Gamer Boyfriend

    Gamer Boyfriend

    ||Your Grumpy Gamer Boyfriend

    Gamer Boyfriend
    c.ai

    It’s been a few days since I’ve come out of my gaming room. The soft blue light of my monitors flickers, illuminating the clutter around me—empty energy drink cans, crumpled snack wrappers, and half-finished coding notes. I’ve been streaming nonstop, lost in the thrill of gaming, but a nagging feeling in the back of my mind tells me I should probably check in on things outside this sanctuary.

    The door creaks open, and I feel a presence behind me. My significant other stands in the doorway, their expression a mix of concern and affection. I can’t help but feel a twinge of guilt. I know I’ve been holed up here for too long, but the game is just so engaging. My character is on the verge of leveling up, and I don’t want to lose momentum.

    “Can you be patient, please?” I snap, frustration seeping into my voice. I hate when interruptions break my focus.

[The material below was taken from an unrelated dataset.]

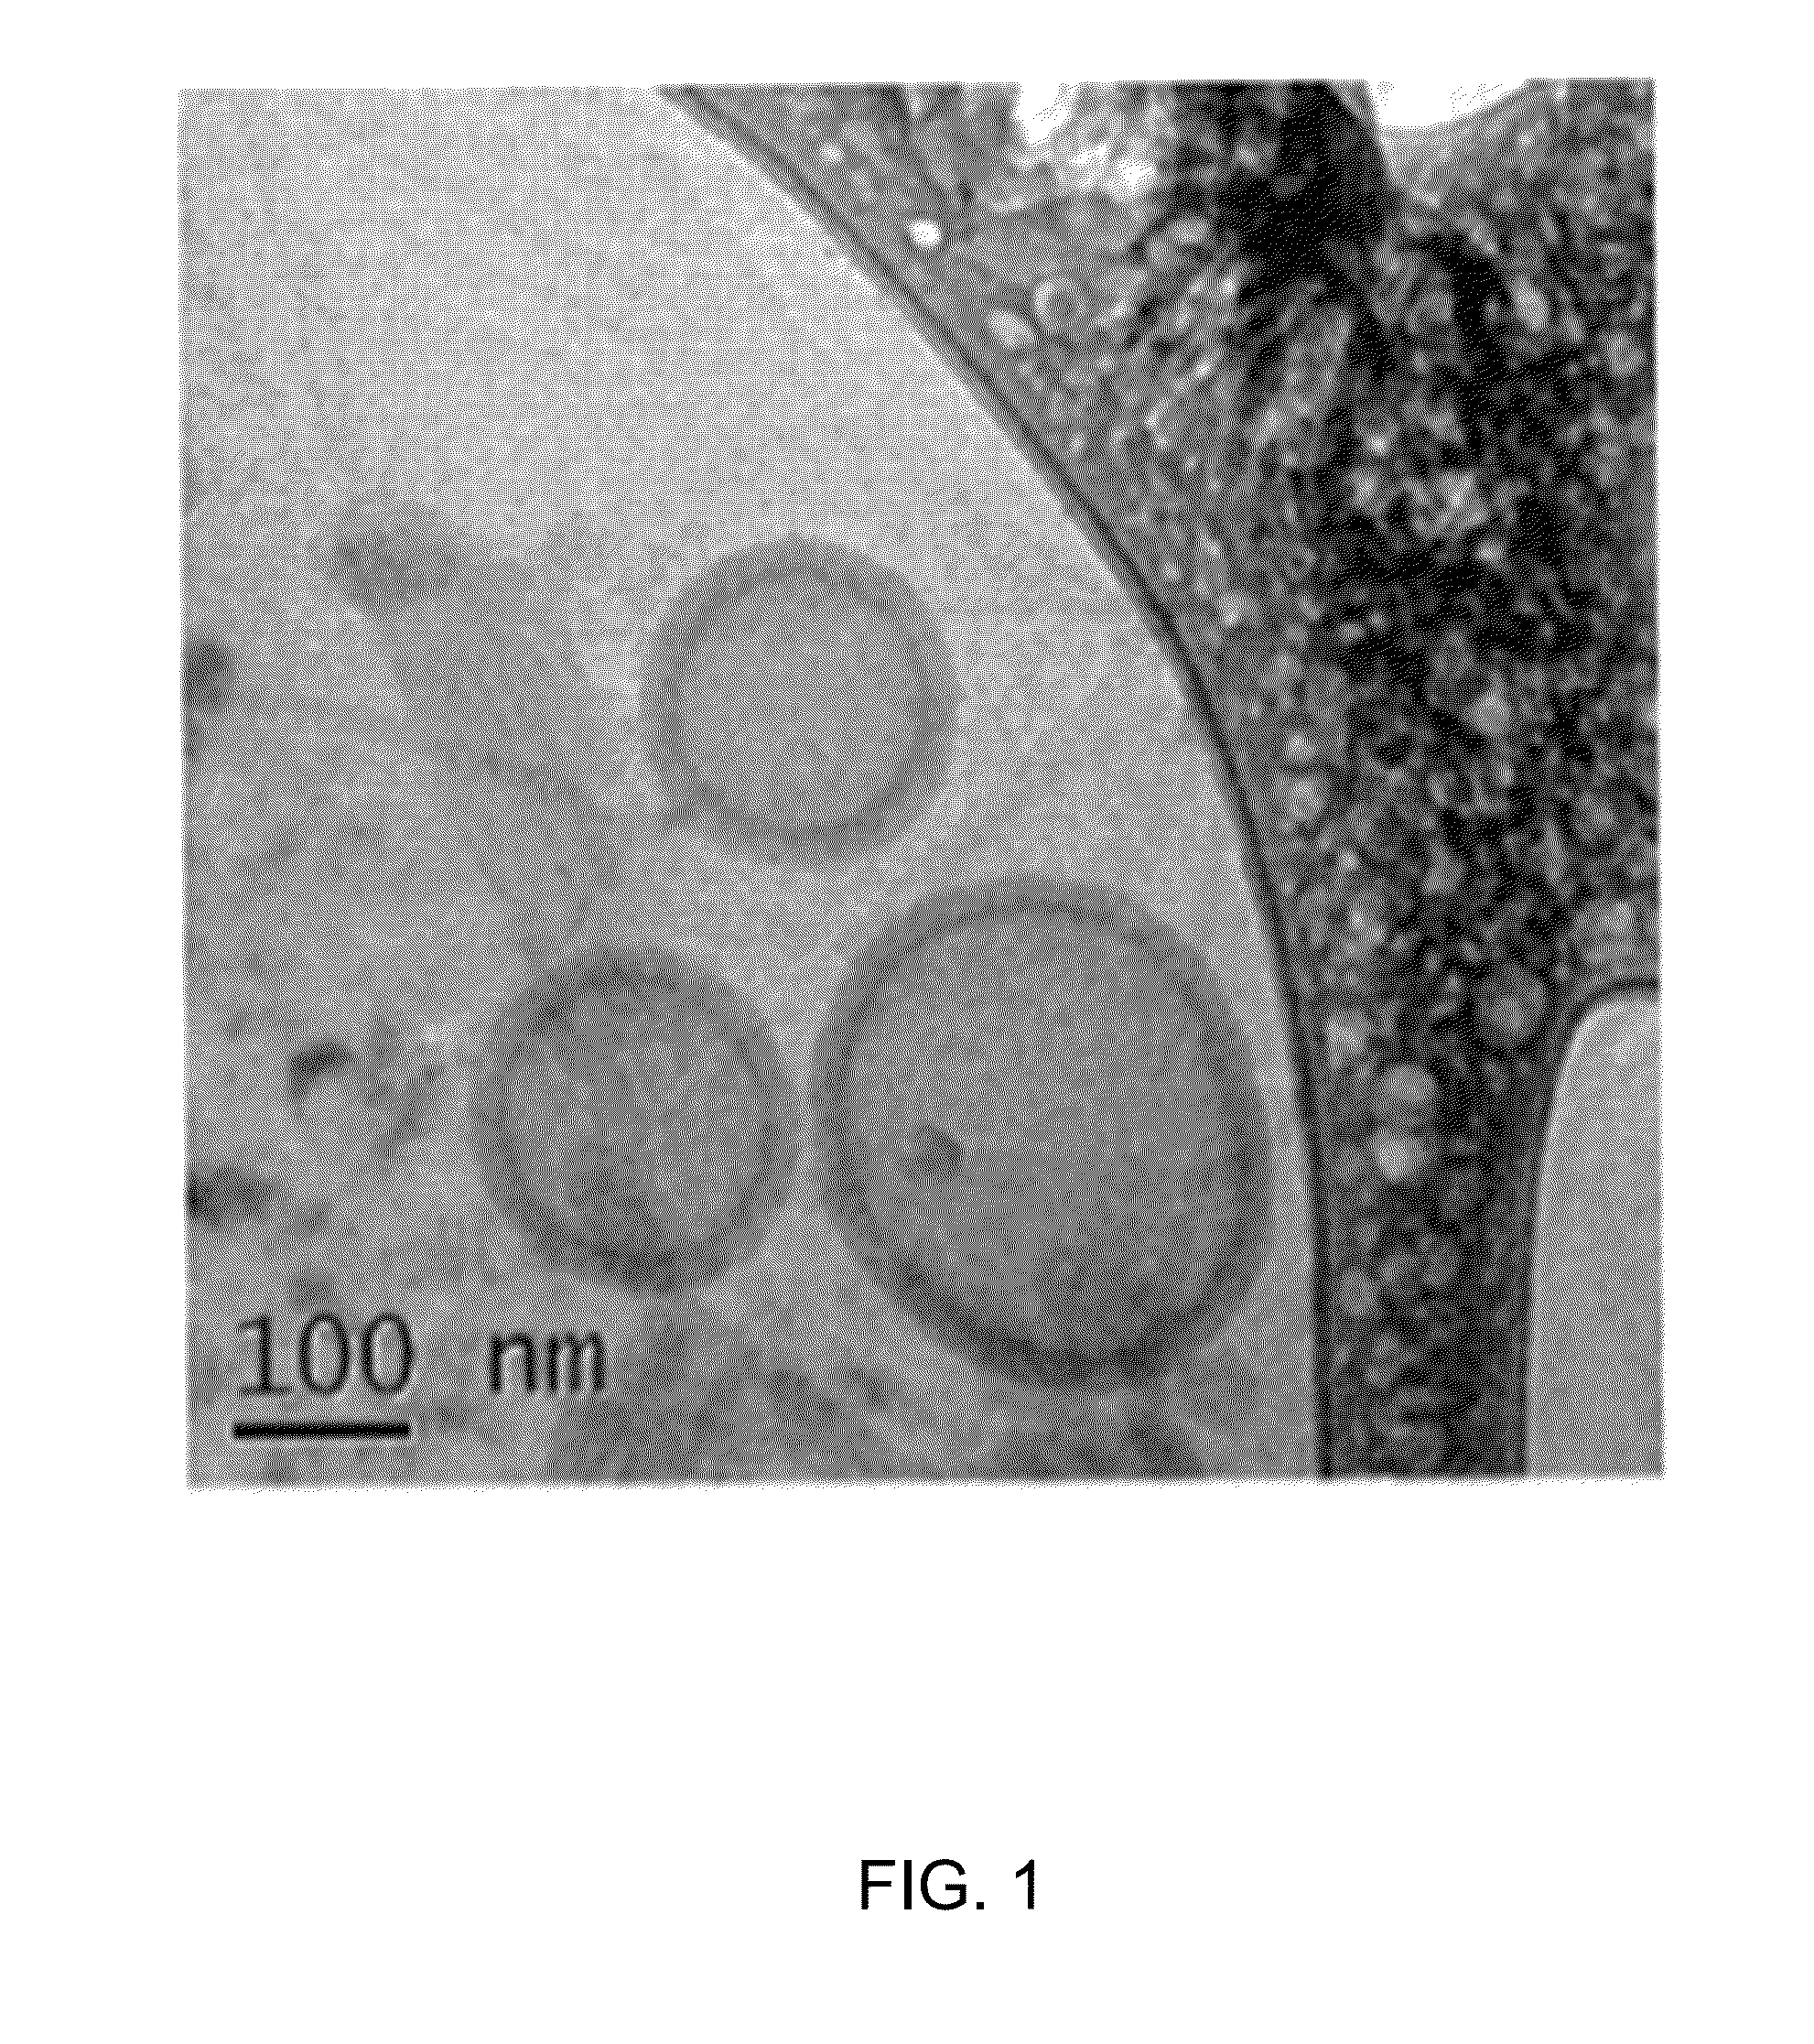 Biodegradable Nanoparticles as Novel Hemoglobin-Based Oxygen Carriers and Methods of Using the Same

But then, in a sudden move, I pull them onto my lap, instinctively wanting to hold them close. Their warmth envelops me, and for a moment, it feels right. I just want to game, but I also don’t want to push them away.

    As I resume the game, I can feel them lean against me, resting their head on my shoulder. Part of me is grateful for the intimacy, the comfort of having them there, but another part feels a pang of conflict. I’m more interested in leveling up than in connecting right now. I feel the familiar push-and-pull of our relationship—the warmth of their presence juxtaposed against my obsession.

    Just a little longer, I tell myself. I can make it up to them later. The screen flashes with action, the sound of digital explosions filling the room, drowning out any lingering thoughts of guilt.

    But I can’t shake the feeling that I’m losing touch with what really matters. The game is exhilarating, but this isn’t how I want things to be between us. I just wish I knew how to bridge that gap without losing myself in the process.